Feminist hero dad hacks Donkey Kong for daughter
Mike Mika's daughter wanted to save Mario for a change, so the hacker dad flipped the script VIDEO
Topics: Video, women, Feminism, videogames, women and videogames, dads, Parenting, Technology News, Life News, News
Mike Mika is a gamer dad, so it’s only natural that he would try to pass on his deep, nerdy love for all things videogame to his offspring. But while the allure of Atari didn’t fully take with his young son, Mika says his daughter “jumps at the chance to play games with her old man.”
The 3-year-old has a particular affection for Donkey Kong, but wasn’t so wild about always playing the Mario character. In fact, she wanted Pauline to save the plumber for a change. She wanted to “play as the girl,” as Mika wrote for Wired Magazine.
In a civilian household, this request may have been added to the pile of kid questions that are acknowledged and promptly ignored. (“I understand you want to eat Pop Rocks for every meal. It must feel frustrating that you can’t.”) But this wasn’t any old household, this was a bonafide cool feminist geek kingdom. And Mika, a game developer by trade, knew he could actually do something about his daughter’s request. So he set out to hack Donkey Kong and let his daughter save Mario from the barrel-tossing gorilla:
Mario is made up of four eight- by eight-pixel tiles. So each frame of animation is created with four tiles, each having three colors from the same palette. Two nights after my daughter’s request, I was knee deep in the Donkey Kong ROM, trying to make sense of the graphics. If I was going to replace the sprites, I needed to go all in.
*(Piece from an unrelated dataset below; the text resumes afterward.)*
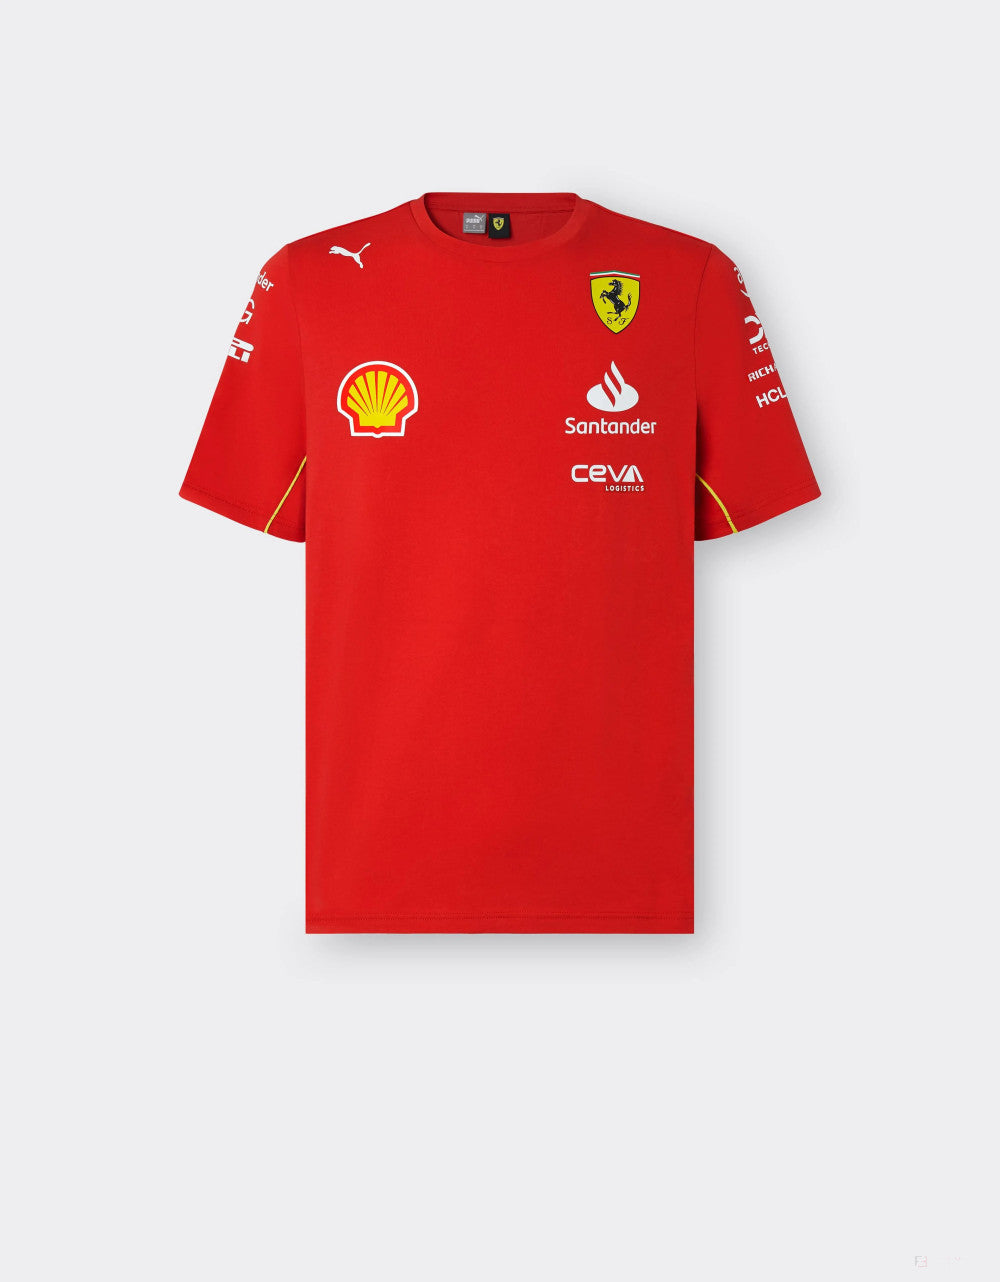 Ferrari tričko, Puma, tímové, červená, 2024

I needed to reduce Pauline’s height – she is three tiles tall to Mario’s two, a throwback to when Donkey Kong was going to be a Popeye game. I managed to reduce her height by taking some liberty with her design. I kept the head and hair pretty much intact. But, without any sort of onion-skin animation tools, I was animating blind with only the Mario sprites as reference.
It was 12 a.m. when I started, and I was so in the zone that I had replaced most of the game’s sprites by morning. When I woke up, I finished off the sprites, then swapped the palettes. Only when I played the game, the colors of other objects were all messed up. It appeared that the colors used by Mario were shared with ladders and the pop-up scores. So I found every instance of those sprites and replaced them with the Pauline “white” color.
Finally, I replaced the “M” next to the bonus indicator with a “P” for Pauline.